I assume that there are others working on this problem too, so I’ll describe some of the things I’ve come up with, and hopefully if you have any good ideas you’ll post them in the comments section.

Test Data Iterators

If you express the set of inputs and outputs as a data structure, such as a Hash of input => expected ouput pairs, or an Array of [input, expected output] Arrays, you can easily do test_data.each do |input,output| ... end and drive tests that way.

(I considered pulling the data itself out of the test code and loading it from a YAML or CSV file or even including a data-only Ruby script, but that seemed like pointless added complexity. If I were working with a professional tester who didn’t want to touch Ruby code, I might change that to make it easier to dump from an Excel spreadsheet into a text file that the tests would use.)

One problem with this approach is that you may have a test_frobnicate method that invokes frobnicate dozens of times. This means that this one test can take a while to run if the tested method takes any amount of time, which is problematic if you just want to re-test that one input/output combo until it works. Your edit/test/debug loop should be ultra fast, and re-testing successful pairs gets in the way of testing the pair you’re not sure about.

More importantly, trying all those combinations in one test method means that if an assertion fails, the failure masks the outcome of the remaining combinations. If there are 25 combinations and combination #2 fails, then a Test::Unit::AssertionFailedError is thrown, and the other 23 of them go unchecked. That’s not ideal, since it can be useful in debugging if you can see that 24/25 failed vs. 1/25 failed.

To solve this, I changed the code so that it iterates over the test data inside the class definition, generating a new test method for each input/output pair:

class_eval do
  test_data_hash.each do |input, output|
    define_method("test_frobnicator_#{input.hash}") do
      check_frobnicator(input, output)
    end
  end
end

That gives you a bunch of test methods that each run the test once with different input and expected output values. Autotest integrates well with this technique, since it will not re-run the test methods which previously passed until after you have fixed all of the ones which failed.

Test Setup Blocks

I also use a with_x_y_z do...end idiom for mock setup when possible. So a test might contain:

def check_index(inputs, expected_outputs)
  if inputs[:logged_in]
    with_fake_login{|user| get :index, inputs[:params] }
  else
    get :index, inputs[:params]
  end
  
  # ... test outputs against expected output
end

Since this idiom uses blocks, you can nest them to create complicated setup scenarios, pass arguments to the with_blah method to control the behavior of the mock objects, and so on. (You could do this with regular set_up_blah methods but I think this is easier to read.)

Calculated Outputs

Despite their shortcomings, I still use Fixtures (with the PreloadFixtures plugin) and I write unit tests for my models.

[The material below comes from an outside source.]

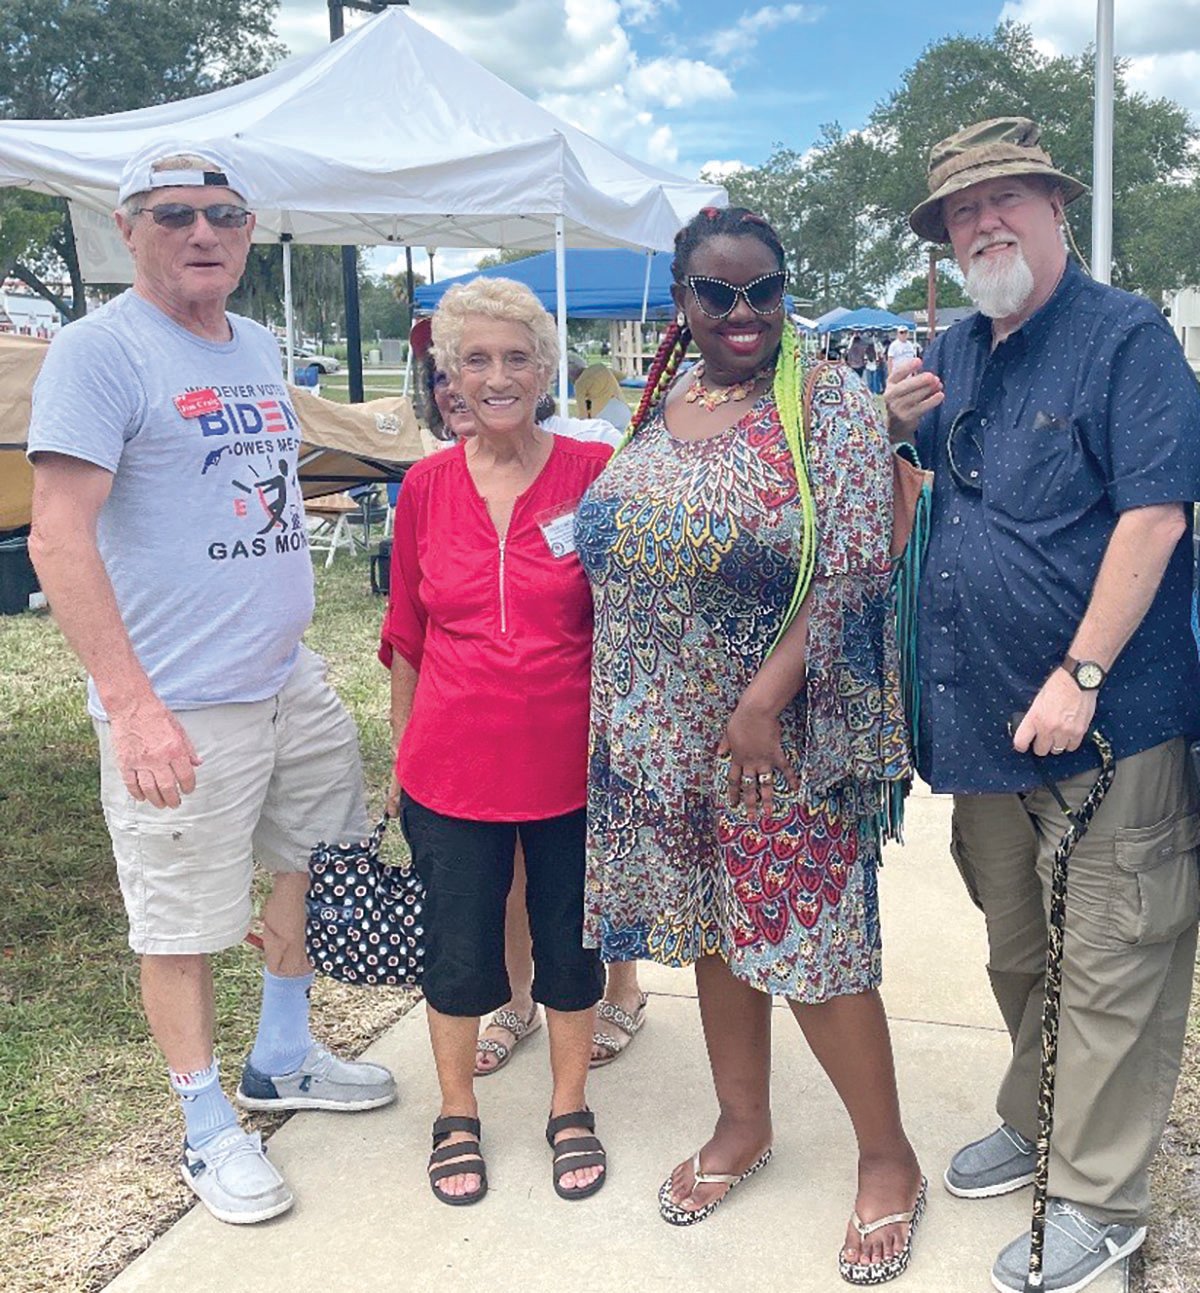 Club President Alicia LaChance with friends and volunteer Raymond Brooks (right).
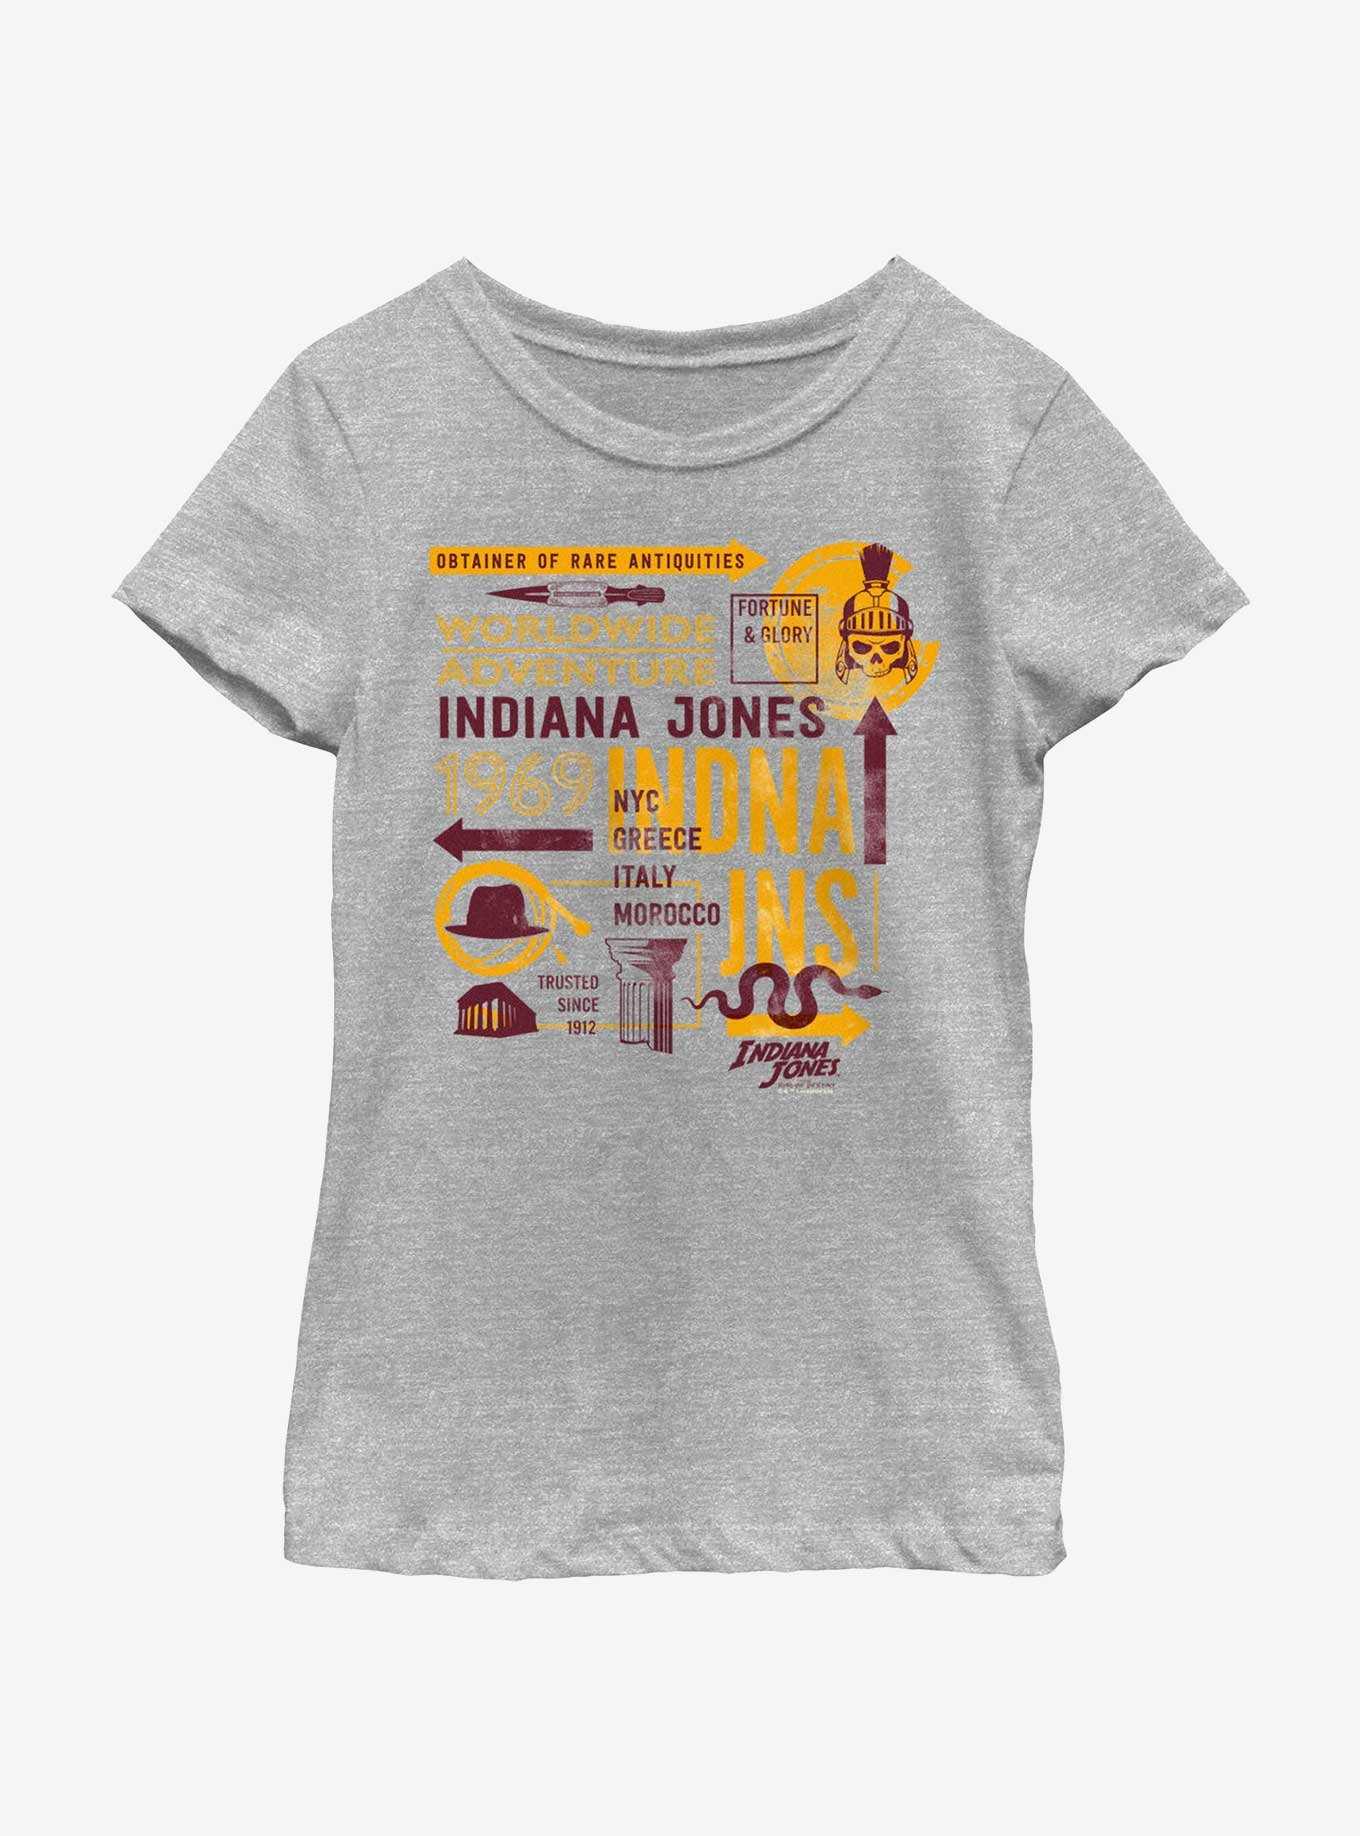 Indiana Jones and the Dial of Destiny Passport Infographic Girls Youth T-Shirt, , hi-res

That means that I can then assume that the models’ behavior is correct in other tests (provided that those unit tests pass). So I try not to put any data that’s already expressed in fixture files into my test method inputs or expected outputs. Instead, I ask for the fixture by its label (widgets(:doodad)) and then use its properties as needed in assertions within the current test. This reduces the size of the input/output data, which makes it easier to read and reduces the amount of effort required to add more combinations later.

Testing Views, Model Associations, and Model Validation

As Bruce Eckel says, If it’s not tested, it’s broken. Or as Peter Drucker said, “What gets measured gets managed.”

I test all of these. I’ve read the arguments of those who say that none of these are necessary, and I disagree. The arugment that testing associations and validations is tantamount to testing Rails itself is just incorrect. Rails’ own unit tests cannot possibly test the validations and associations expressed in every Rails application’s model classes, so Rails application developers still have to do this.

Associations

I can’t tell you how many times I’ve gotten has_one and belongs_to backwards and only found out when ActiveRecord told me that the column didn’t exist, because I told it to look at the table on the wrong side of the association. I feel stupid when I see that I made that mistake, but writing that test takes seconds and once I see the failure it’s easy to fix. Better to catch it and fix it now rather than have a user find it, right?

Validations

The same goes for model validations. Yes, I know that validates_format_of has been tested, but my regexes for username format and email addresses need testing too.

Views

Views should be tested only if you care what your users see.

Somewhere there is probably an organization with no users, where inputs matter but outputs can be anything. Maybe the goal of the project is to burn cash rather than to ship something good. They don’t need to test their views.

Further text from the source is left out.